▶ _AVAILABLE DATA_:
◇ ◇ ◇

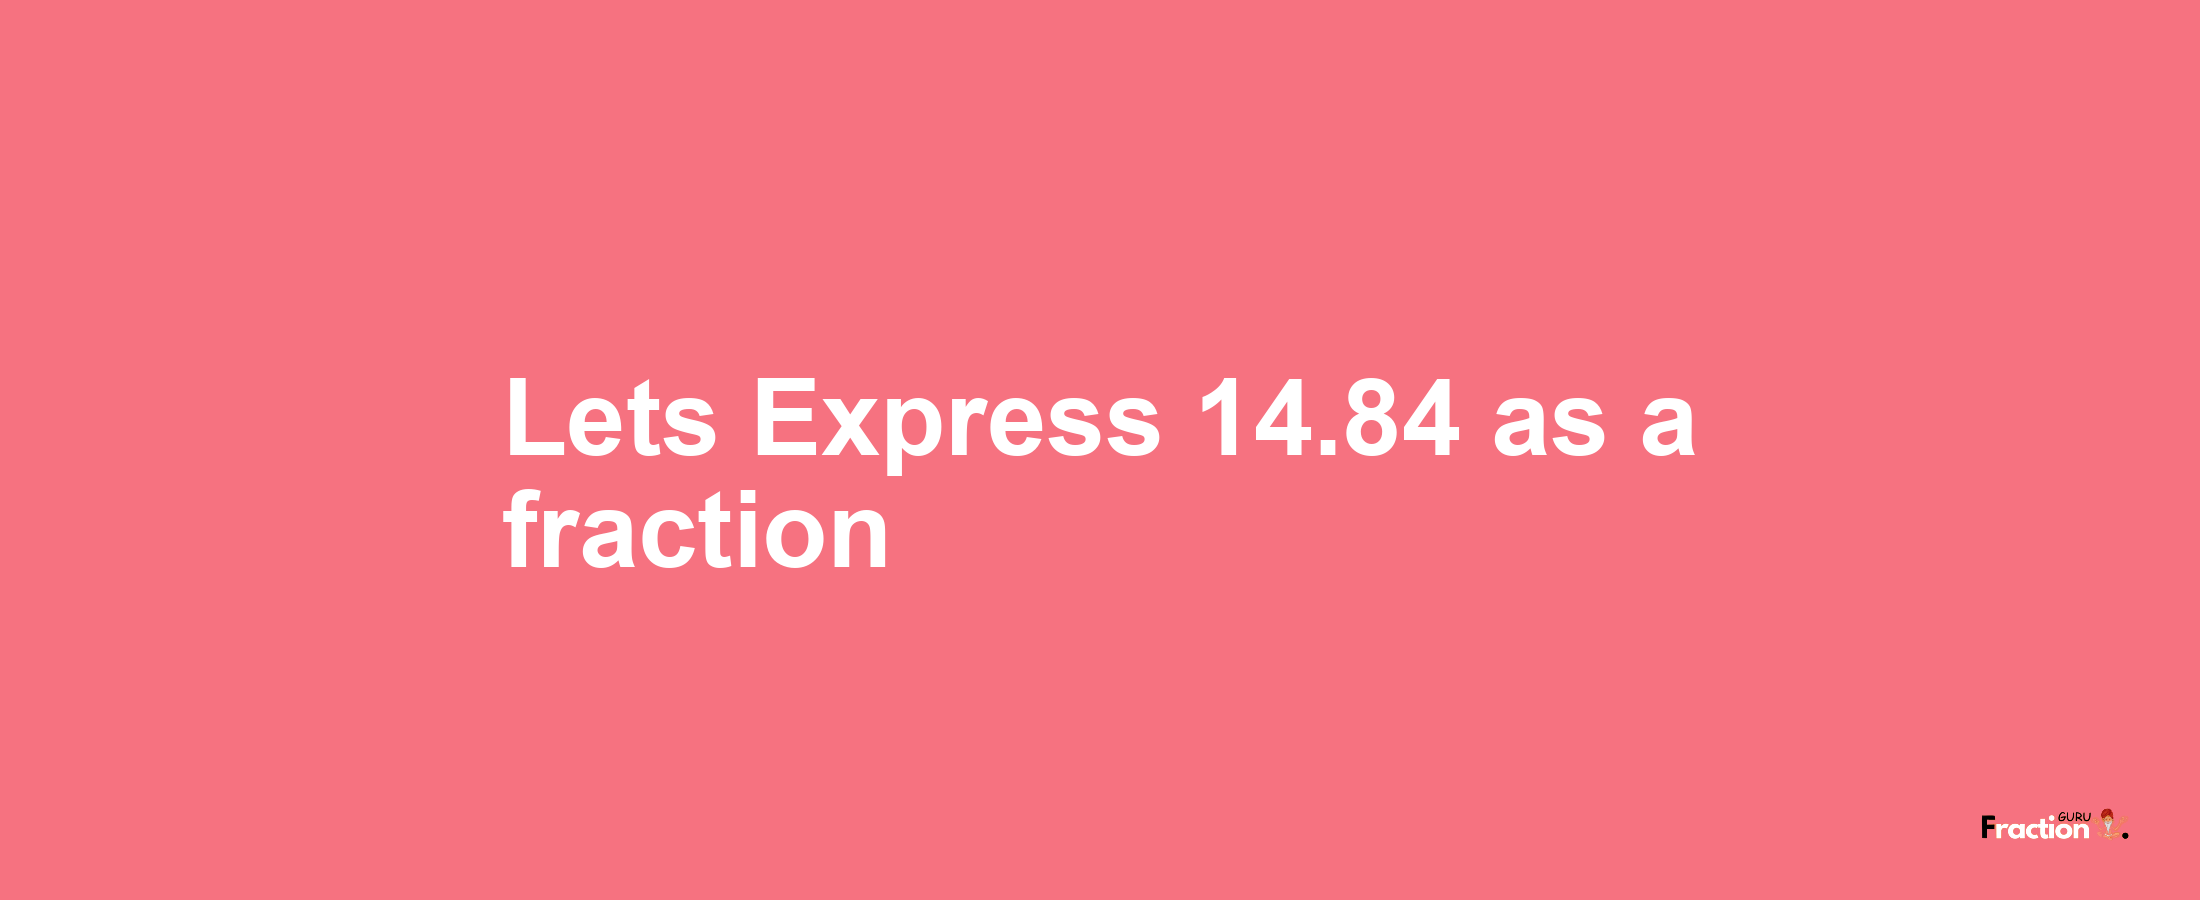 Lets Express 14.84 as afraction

◇ ◇ ◇

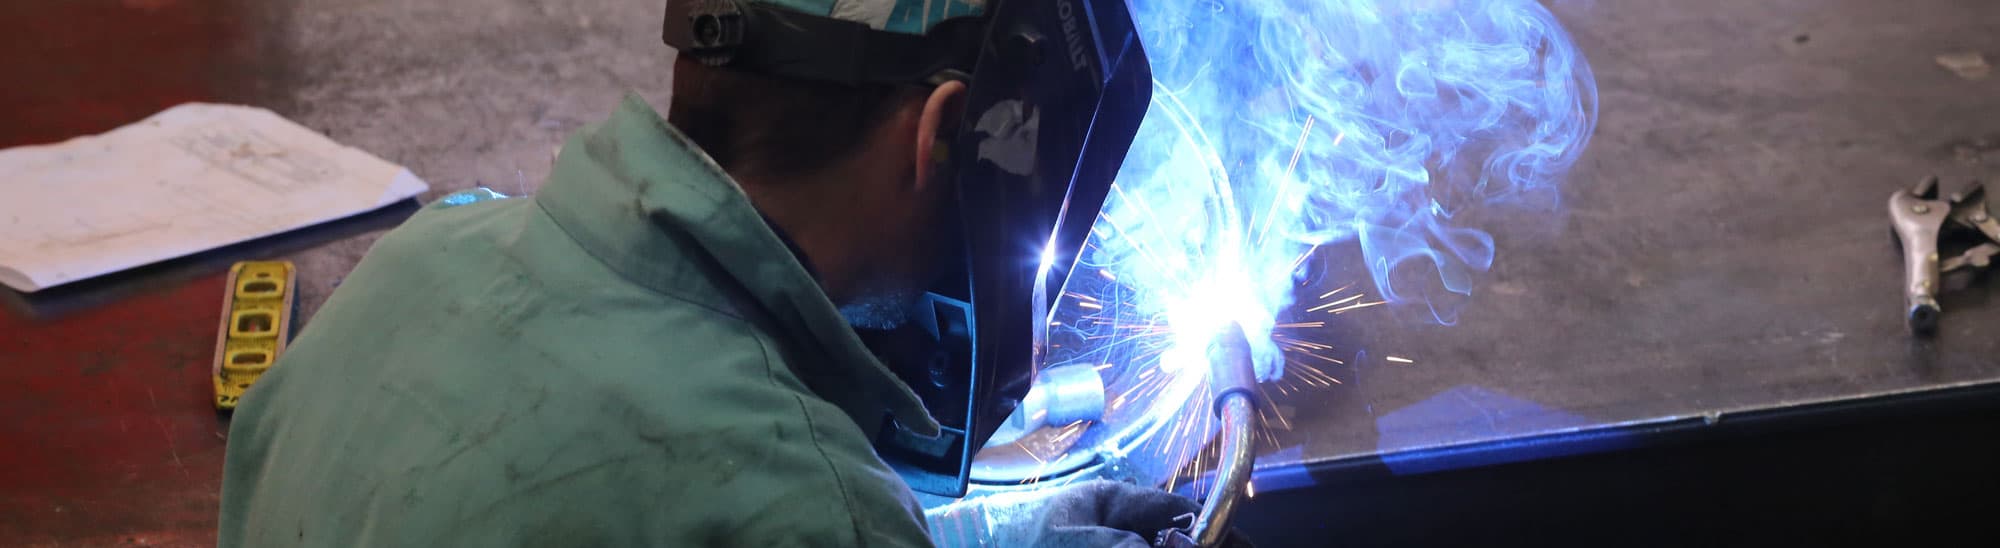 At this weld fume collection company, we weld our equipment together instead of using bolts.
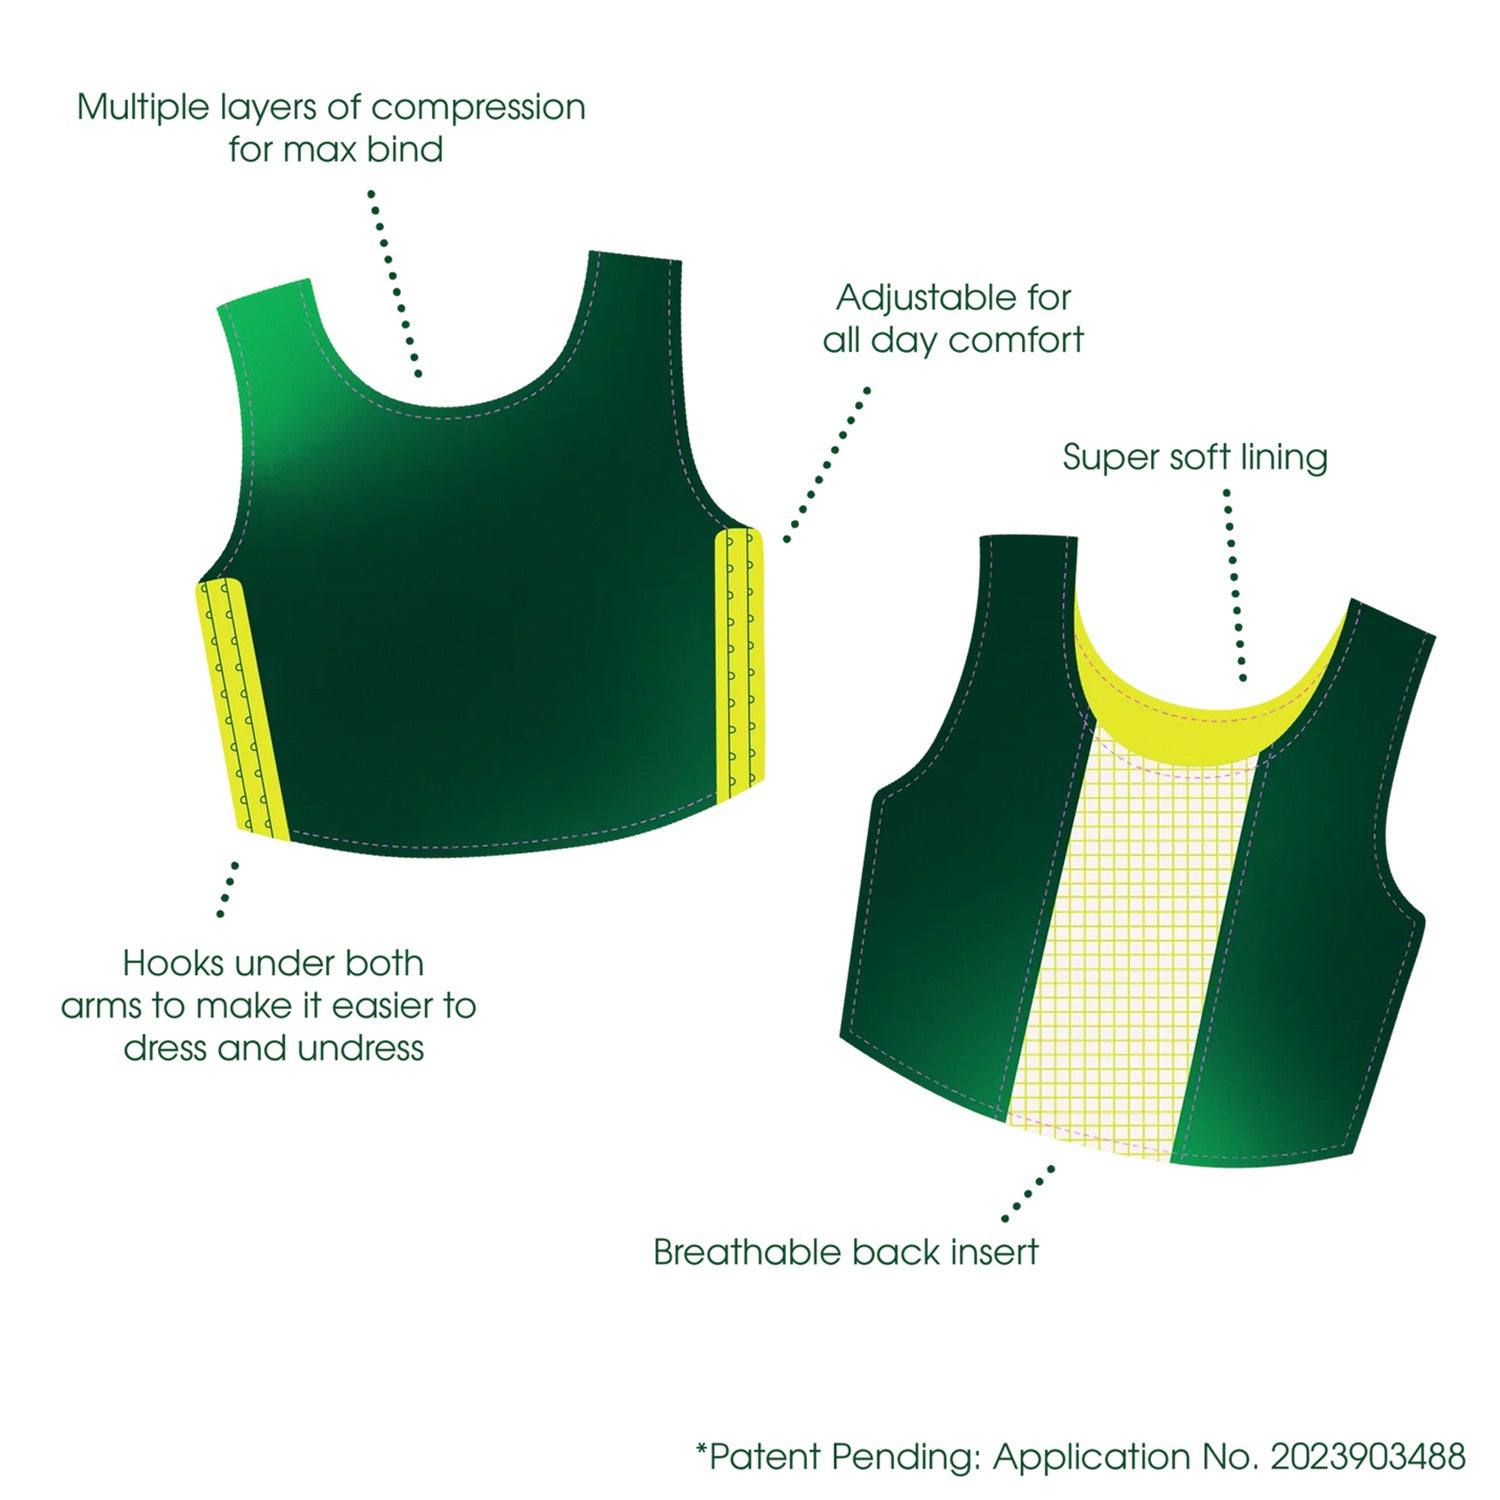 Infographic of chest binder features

◇ ◇ ◇

Print, exactly, each line above from the one with "At this weld" to the one with "Infographic of chest binder features", end lines included. Leave pictures out of it.

▶ _REPLY TO THE TASK_:
 At this weld fume collection company, we weld our equipment together instead of using bolts.
 Infographic of chest binder features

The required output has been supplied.